6 Ways a User Experience Discovery Improves Your Site

User experience (UX) is a driving forces behind the success of your website. If your site visitors can’t quickly find the information they need, they could be gone for good. 

In general, the discovery phase of a project takes a step back to analyze what’s currently performing well on your website and what can be improved upon. In a UX discovery, the team specifically looks at elements that affect user experience, like site architecture, navigation, content, and overall design. When the discovery is over, you’ll have a clear idea of what to do to truly engage with your audience and how to move forward with improvements. 

Here are six key insights from a UX discovery that will improve your website. 

Data & Analytics Work to Your Advantage 

Take your time during the discovery to get hard evidence on what is and isn’t currently working. Look into who is using your site, where they are using it, what parts they are looking at, and for how long. 

With analytics, you can assess some of the common pathways users take to better inform your journey maps. Analytics will also show you which pages have the most drop off, so you can determine how to improve audience engagement on those pages. 

Nail Down Your Information Architecture 

A big contributor to your site’s success is how you organize and group information. Bounce rates can often come from users who aren’t able to find information they need with ease. 
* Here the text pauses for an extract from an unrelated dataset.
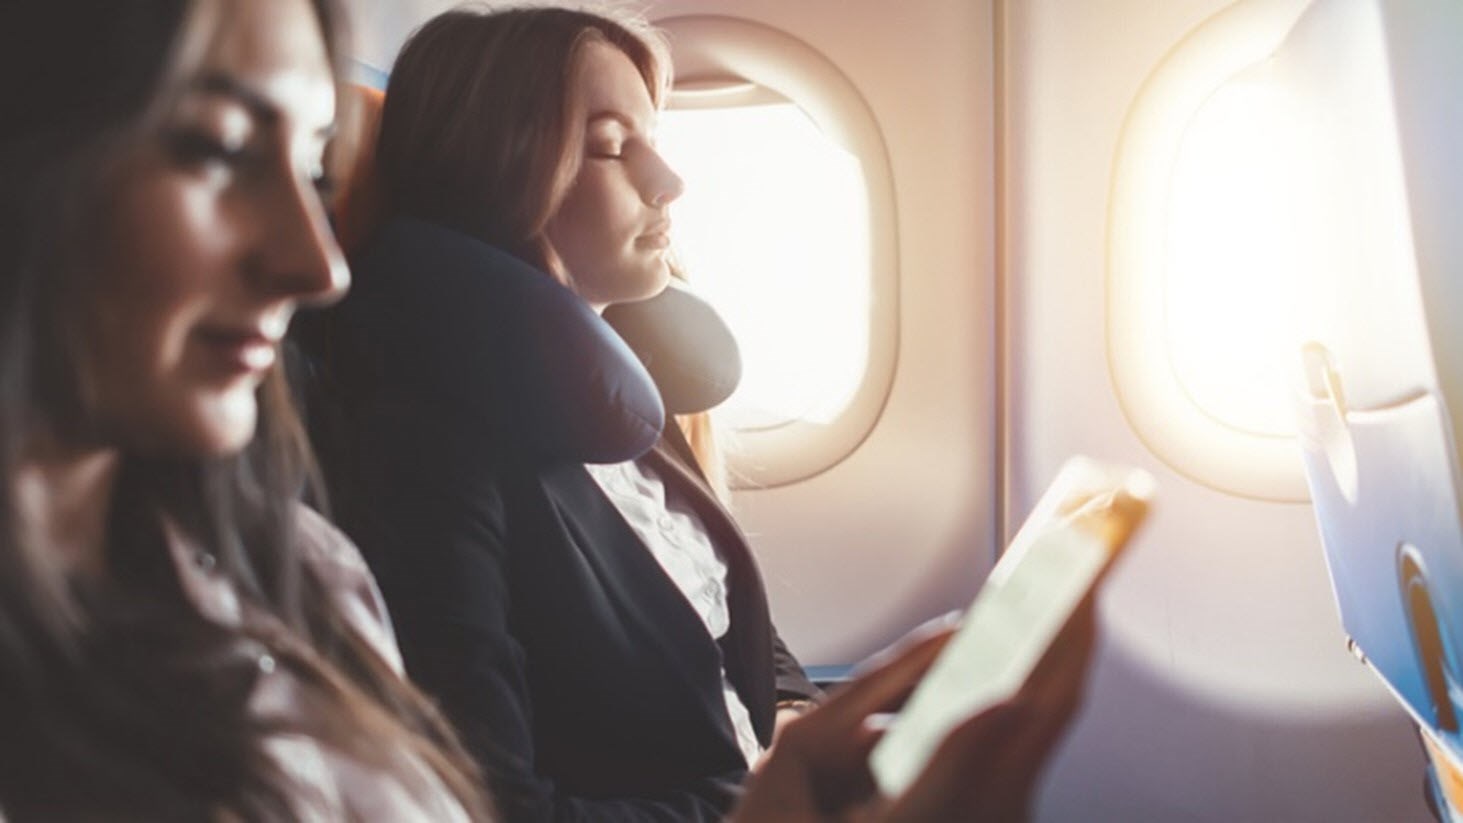 Young woman on plane using meditation techniques to combat anxiety.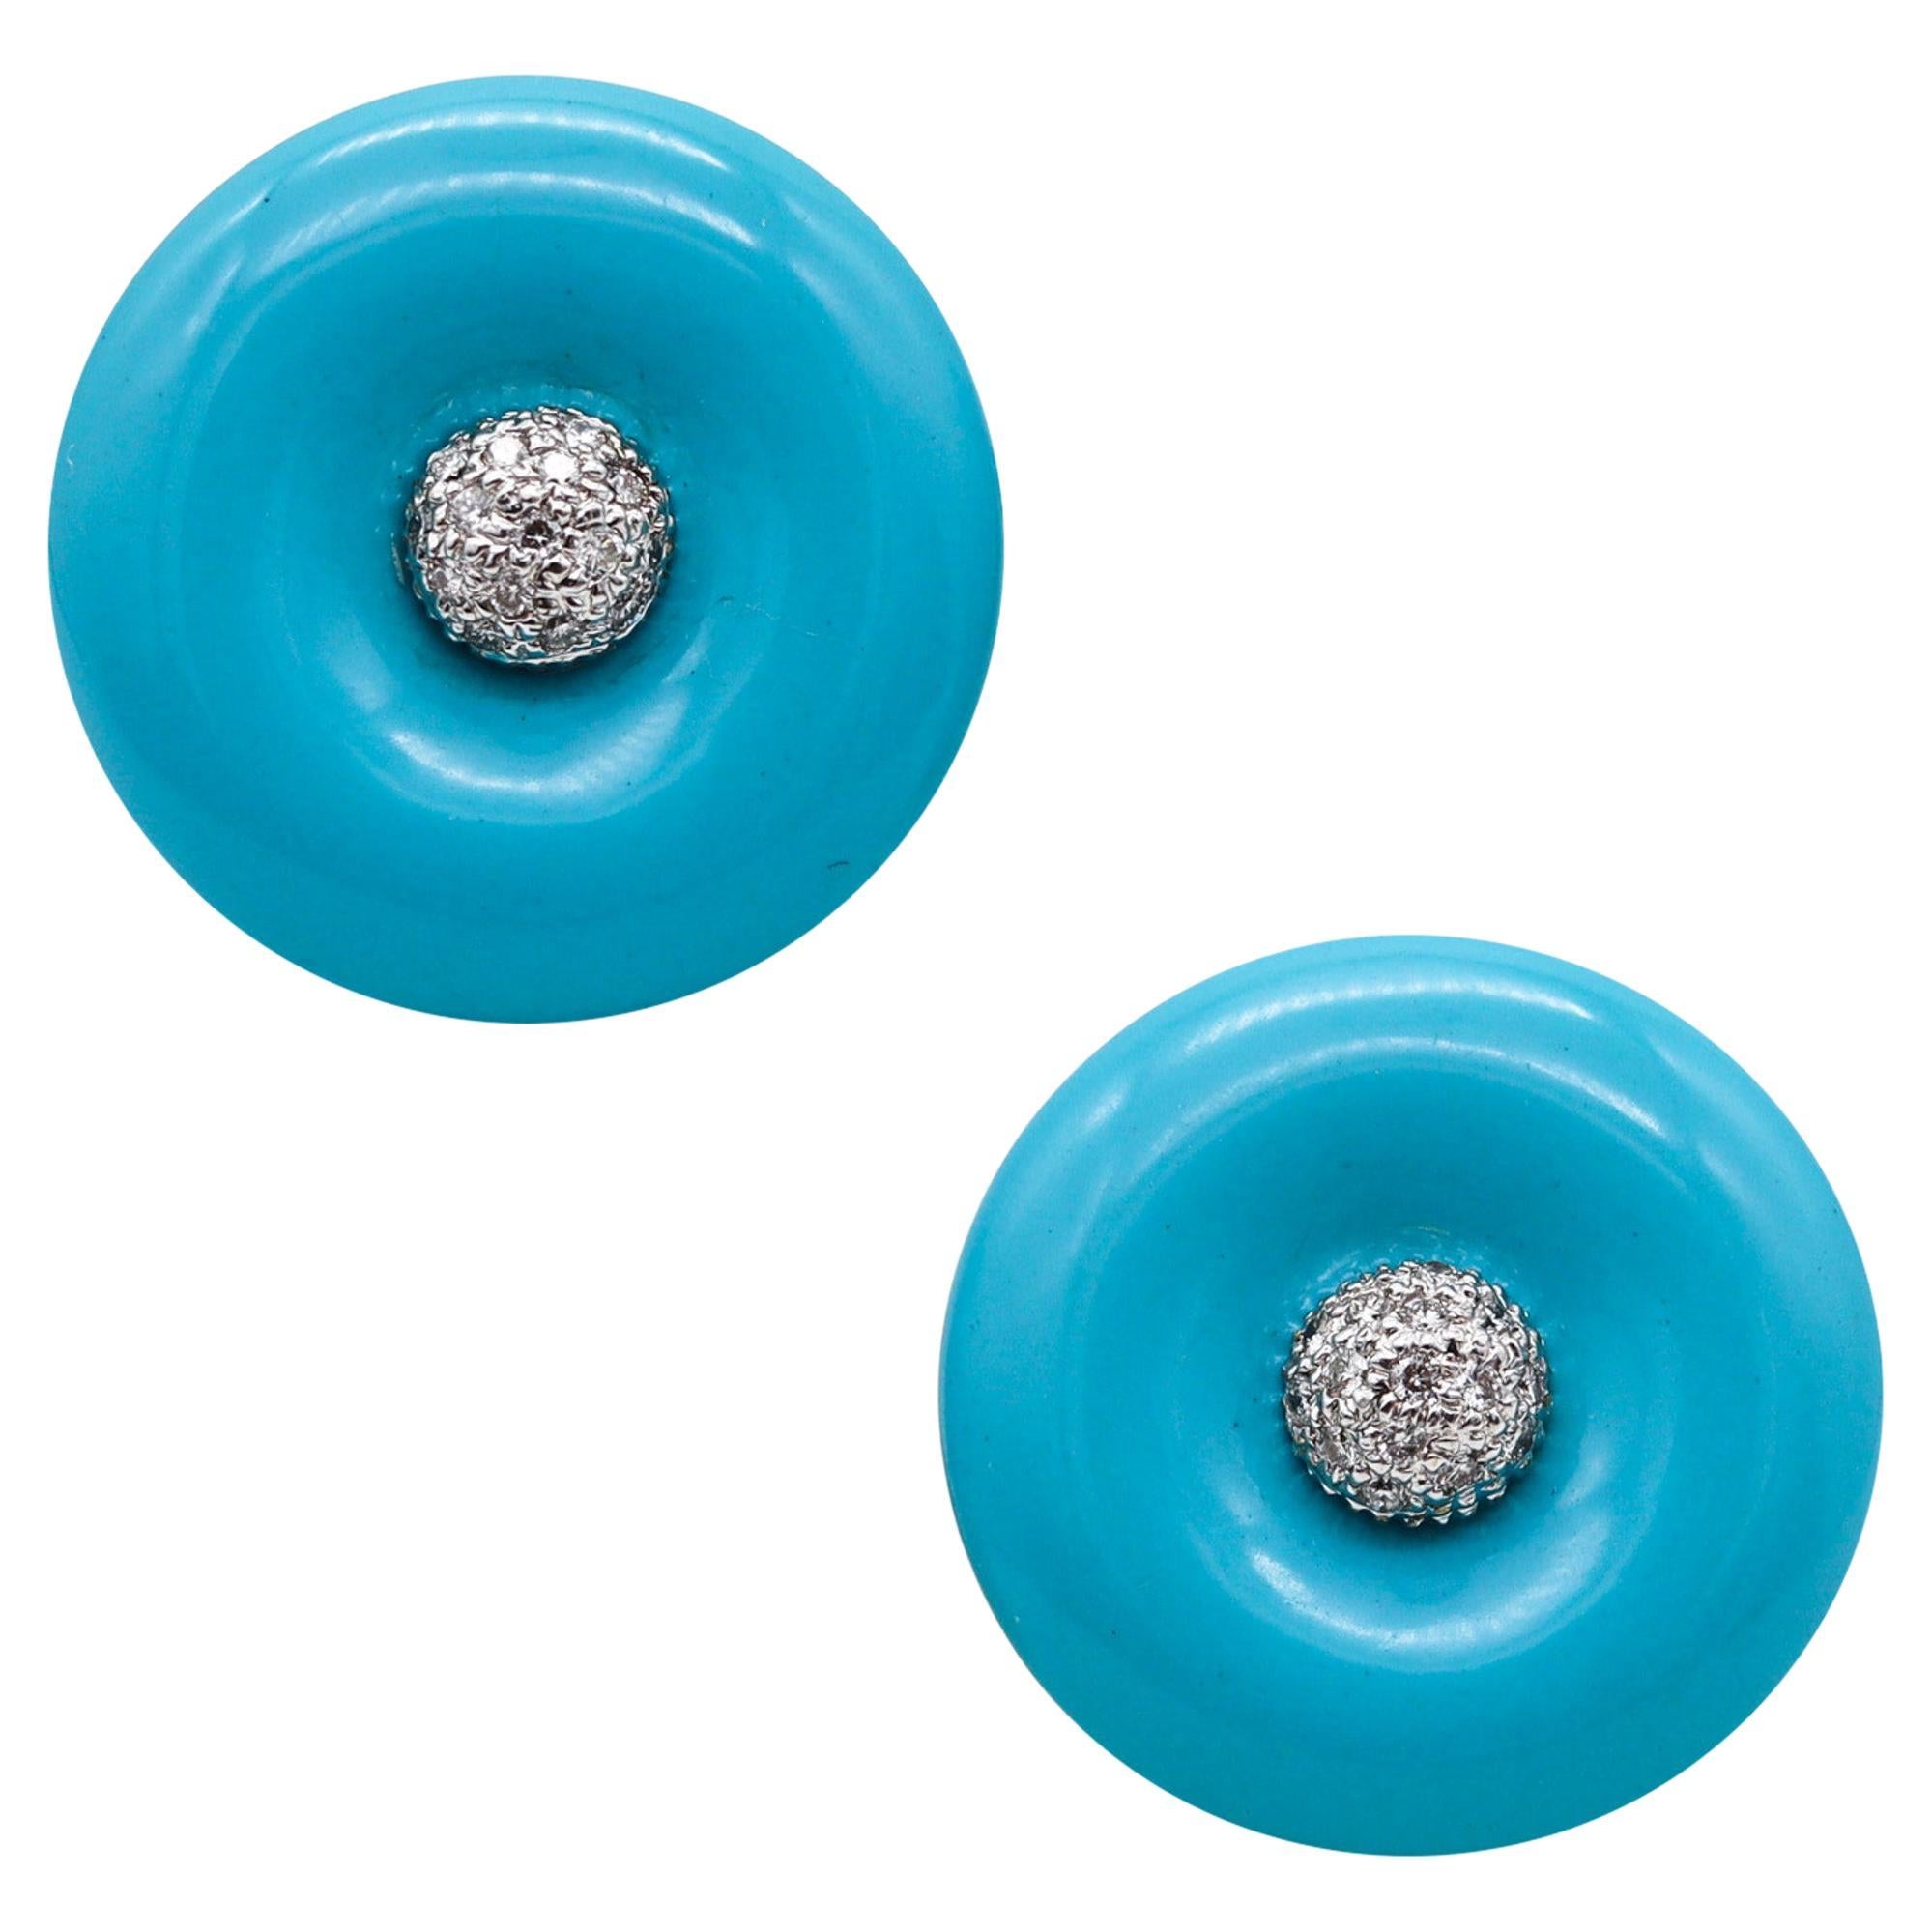 Modernist Round Carved Turquoise Earrings In 18Kt White Gold With VS Diamonds

Discoveries are an essential time to take a look at your site map and see where a user may get confused. Your discovery team can take a close look at the way your menu items are grouped to confirm that any user will know where to find what they need. 

Get others outside your discovery team to take a glance at your sitemap. The more people that look at your sitemap, the better. A multitude of perspectives provides total validation on page grouping methods. 

Identify Pain Points and How to Alleviate Them

Without doing a discovery, you don’t take a crucial step back to make sure your goals are the right ones. You know how you want to portray your business or product, but you may have a different perspective than your target audience. 

A discovery provides you with an opportunity to do some focus groups and user interviews to see what other people have to say about your site. This is not only to see where people struggle, but it’s also for positive feedback so you don’t take away a portion of your site that resonates well with your audience.

Take Bigger Risks & Explore Ideas Freely

Since a discovery is at the beginning of the process of a new site build or redesign, you can treat it as more of a blank canvas. At this point, you shouldn't fear derailing the site with drastic changes. 

In a discovery, you can completely rearrange your information and not worry about how much it varies from your original ideas. This is the time to explore your options on a larger scale and see what is truly going to drive success for you and your users.

Ask All the Questions

Your strategy team and stakeholders won’t all be in the same room at every stage of the process. If there is a time to fill in any gaps, it’s during a discovery. 

A discovery provides an opportunity for a focused meeting during which you can go through everyone’s mental list of questions and ideas. Talking through these questions can bring up an entirely new list of ideas and problems that need solving. When you discuss a website’s main processes rather than interacting with it directly, you shift your way of conceiving each step of those processes. 

Begin Wireframes and Styles in Tandem 

Most often, we shouldn’t use the first wireframe we sketch. As you find out more about your audience, your team can do quick sketches to test out ideas as they arise. 

Rapid fire responses to information we unveil usually have some strong intuition behind them. Interaction within experiences happen that quickly, so drawing something as an initial response is what we personally expect to find there. When we rely on wireframes as our visual map of information, it’s best to try out a few before we’re sold on which layout will be optimal. 

You may get into more formal wireframes after discovery and look back on ideas you tried previously during the process. You can also save a lot of feedback time when sketches happen in a meeting with stakeholders.